I just wrote the following to Project Gutenberg:
I just encountered an interesting possible problem in your edition of Northanger Abbey, by Jane Austen.
In chapter 9, the following line appears:
so, with sniffles of most exquisite misery, and the laughing eye of utter despondency
However, in my Signet Classic printed edition, the phrase is "smiles of most exquisite misery".
I assumed at first that there had been a character-recognition error when scanning the book. But when I searched online for the phrase ["exquisite misery"], I discovered that the word "sniffles" appears in that sentence in quite a few online editions, and in one or two printed editions.
However, the majority of printed editions (especially the older ones) say "smiles"; see Google Book Search results for details. Note that editions from 1882, 1903, and 1915 all say "smiles", while a 2004 edition says "sniffles".

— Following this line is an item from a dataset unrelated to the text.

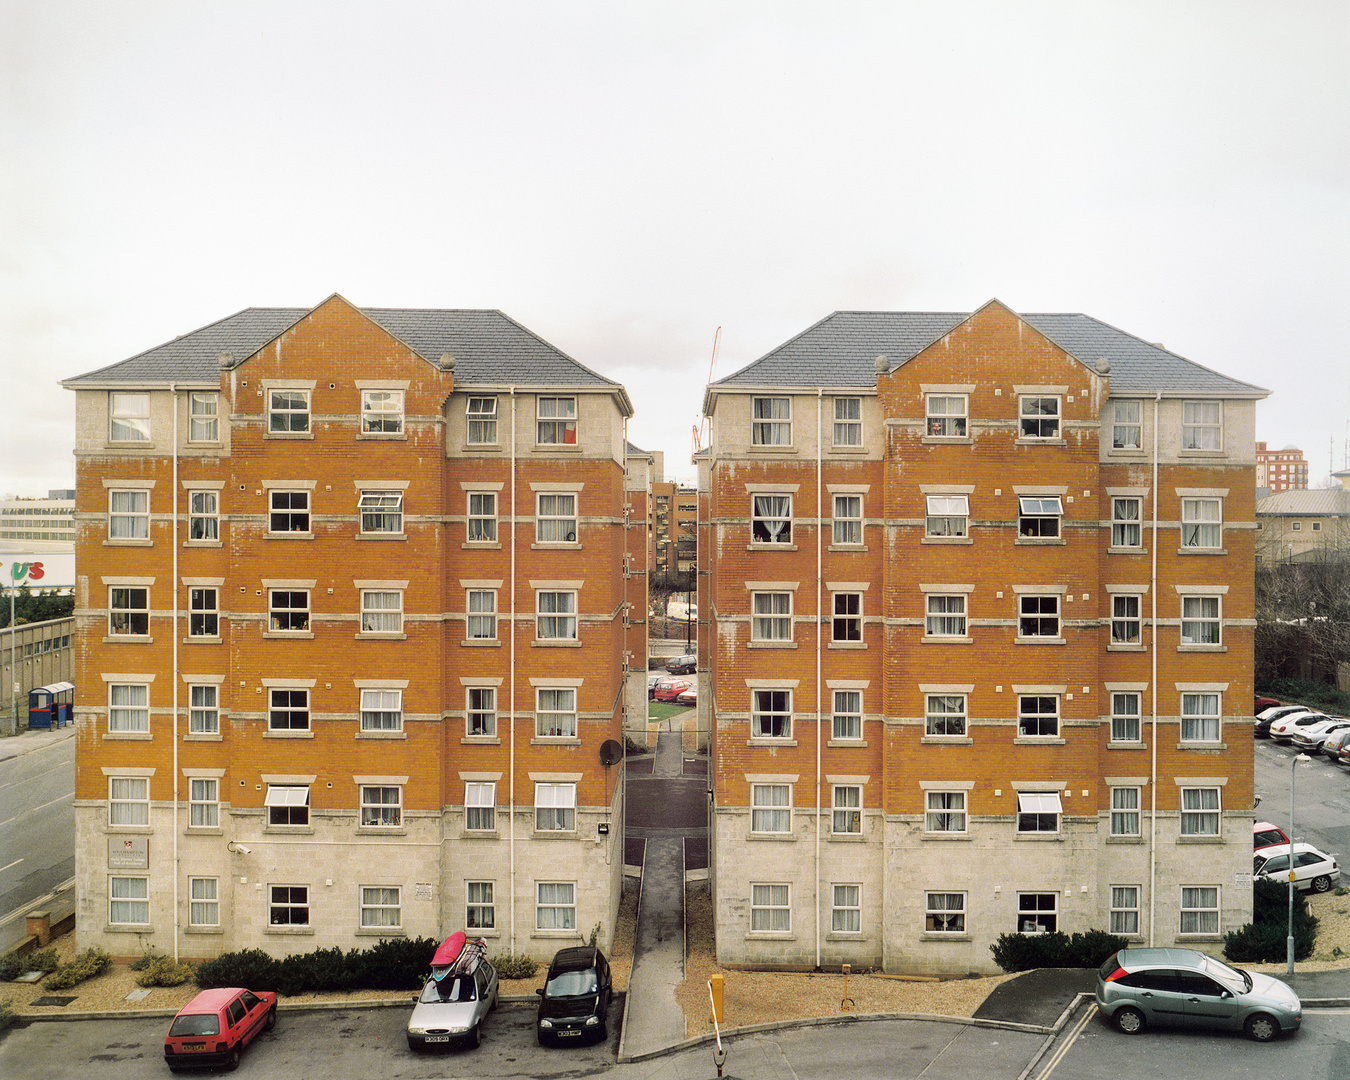 Student hostel, Southampton

Also note that "smiles" fits the sentence better--"smiles of exquisite misery" matches the seemingly paradoxical structure of the subsequent phrase, "the laughing eye of utter despondency".
My printed Signet Classic edition says that its text "is based on the first edition, published by John Murray, London, in 1818."
So ... it's not inconceivable that the word really is supposed to be "sniffles." But I strongly suspect it's supposed to be "smiles."
Could you take a look, and, if you feel it's warranted, make the correction?
So, yeah, I do know that it's not always clear whether a given item is really an error or not. And there are dozens of online copies of this book that say "sniffles" (I suspect many of them got their text from Gutenberg, but none of them say so--the Gutenberg terms of service are such that, last I checked, in some contexts you're not allowed to say you got the text from them), so even if I'm right, fixing the mistake webwide would be a pretty big undertaking at this point.
Added later: I just sent them a followup note.
I've discovered further evidence:
I just looked in every Gutenberg etext of every Jane Austen novel. Unless I made a mistake, the words "sniffle" and "sniffles" don't appear anywhere else in any of her books. In fact, the word "sniff" also doesn't appear anywhere in any of her books.
Whereas the word "smiles" appears at least twice in every one of her books. [I forgot to add: and sometimes more like 10 or 15 times.]
So although the word "sniffle" did appear in English as early as the 1630s, it doesn't appear to have been part of Austen's writing vocabulary.
Thus, I'm pretty sure that the word "sniffles" in the etext of Northanger Abbey ought to say "smiles".
(See what I mean about spending too much time and energy on this stuff? But this is Austen! Someone might write a scholarly paper about her use of the word "sniffles"!)